** Exercise goal **
Return each line of the listing below, unchanged, and omit the images.

BEGIN Information provided

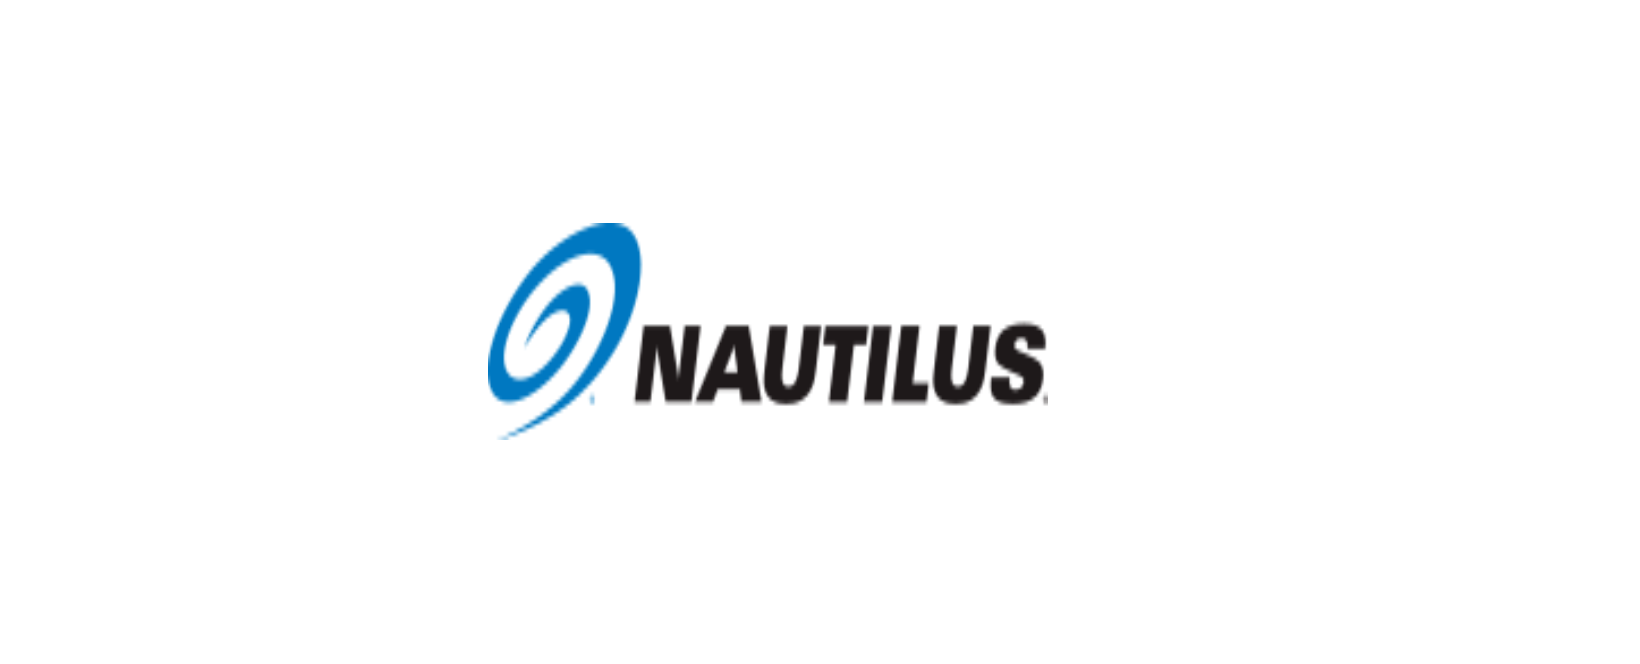 Nautilus & Schwinn Discount Code 2021
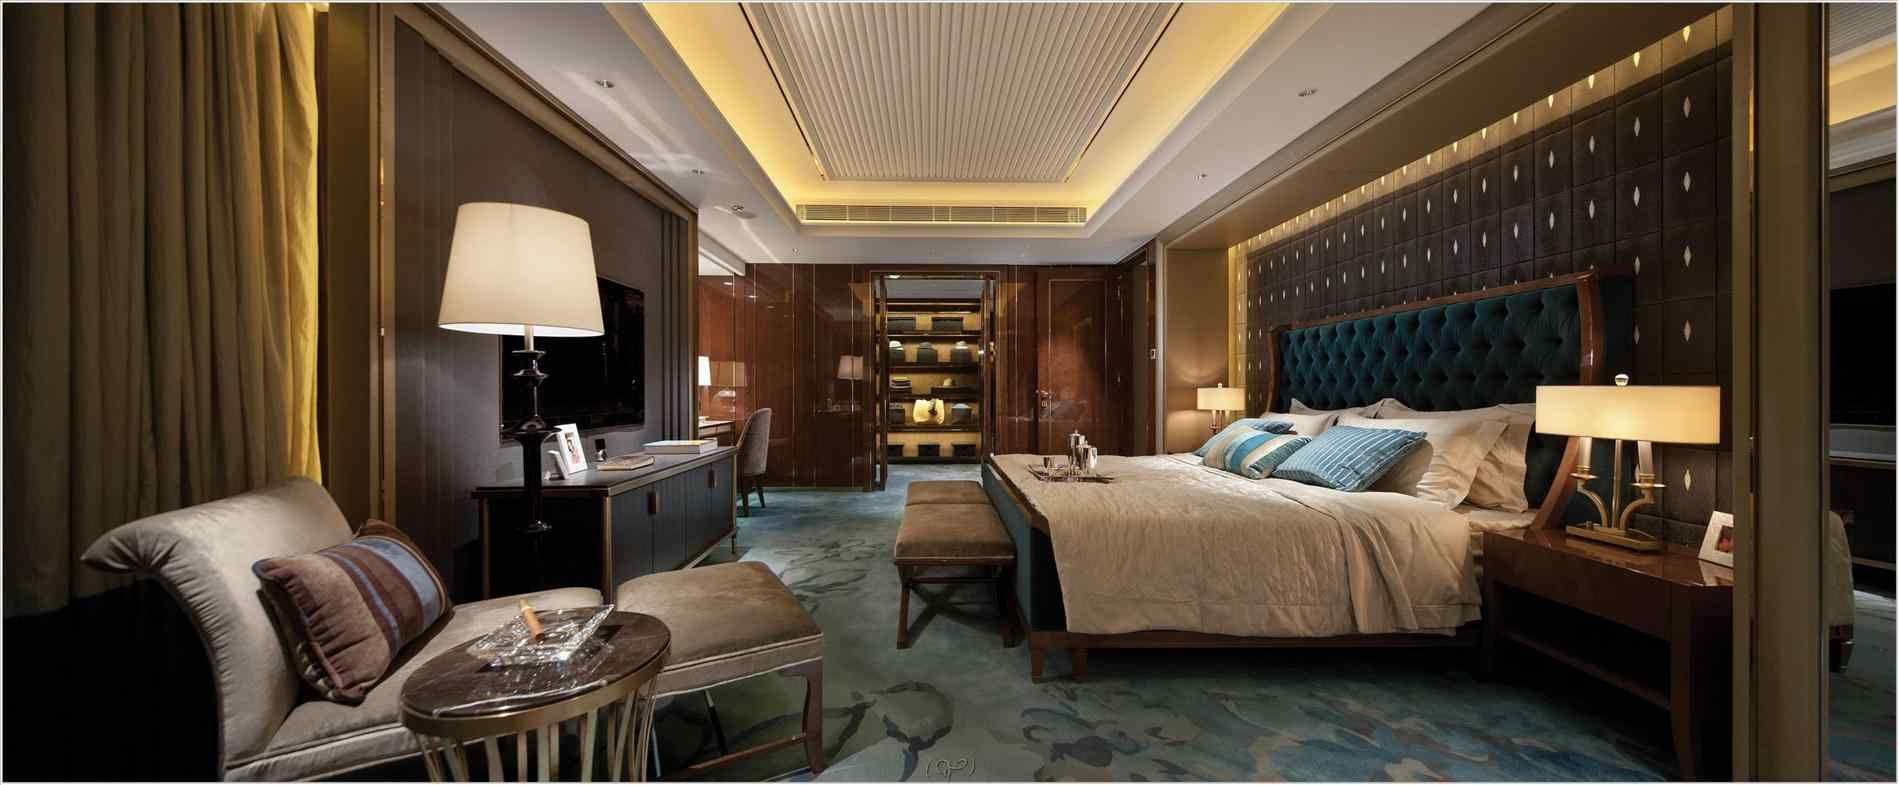 Luxury Master Bedrooms Celebrity Homes Luxury Bedroom Master
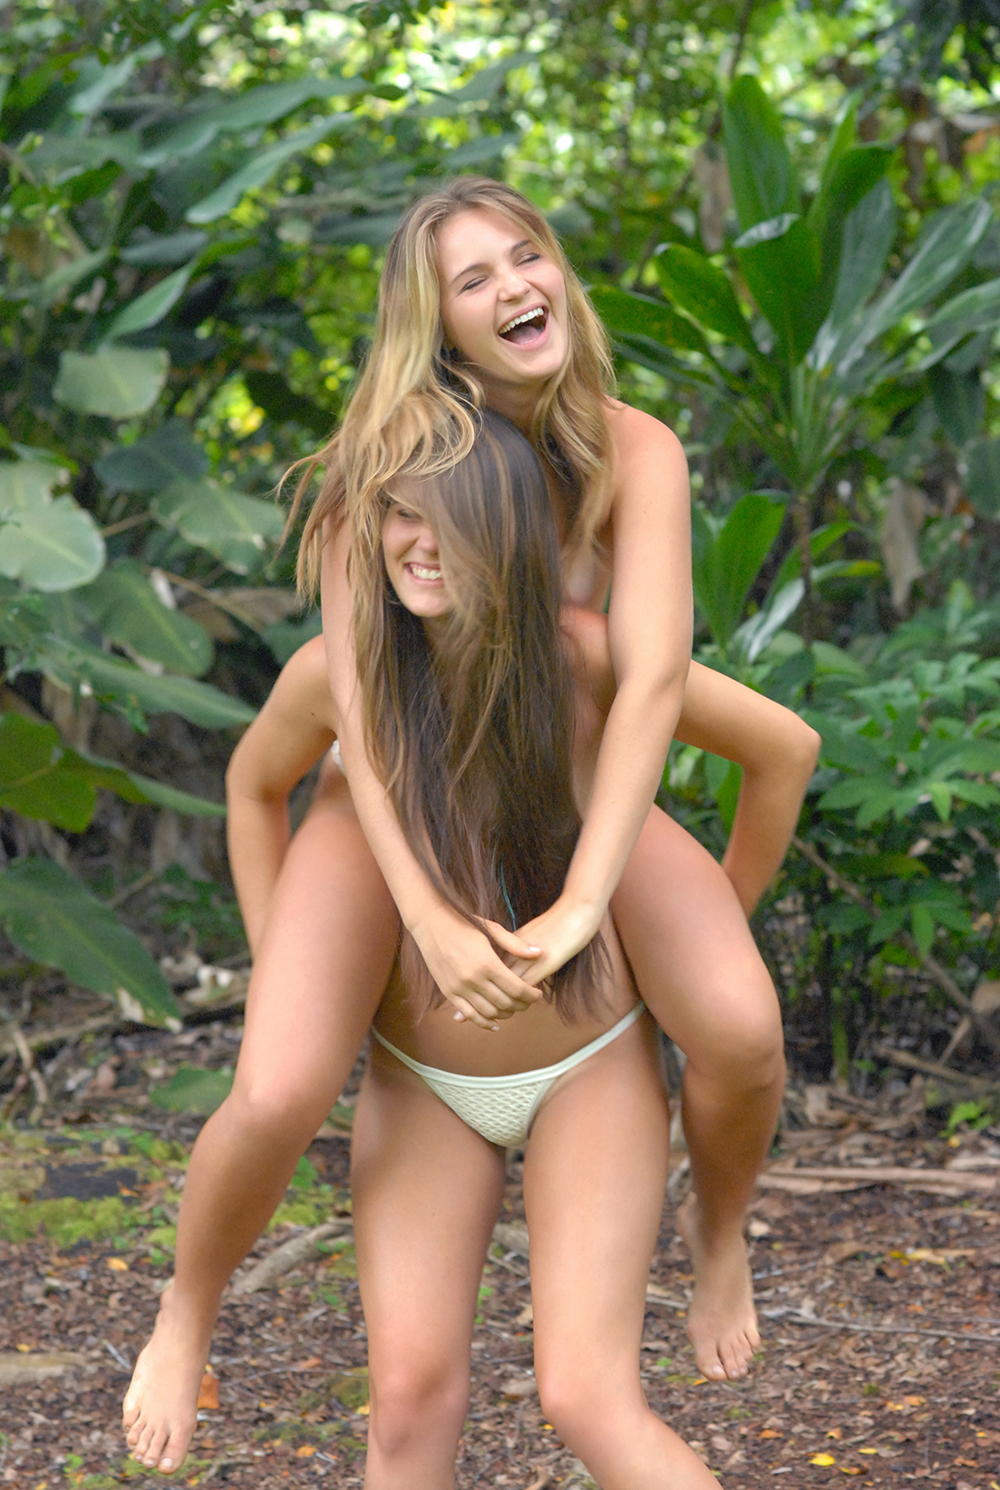 Swimbook_swimsuit_Posh_Pua_Sydney_and_Hayley_Barcia_DSC_0596.JPG

END Information provided

** Answer below **
 Nautilus & Schwinn Discount Code 2021
 Luxury Master Bedrooms Celebrity Homes Luxury Bedroom Master
 Swimbook_swimsuit_Posh_Pua_Sydney_and_Hayley_Barcia_DSC_0596.JPG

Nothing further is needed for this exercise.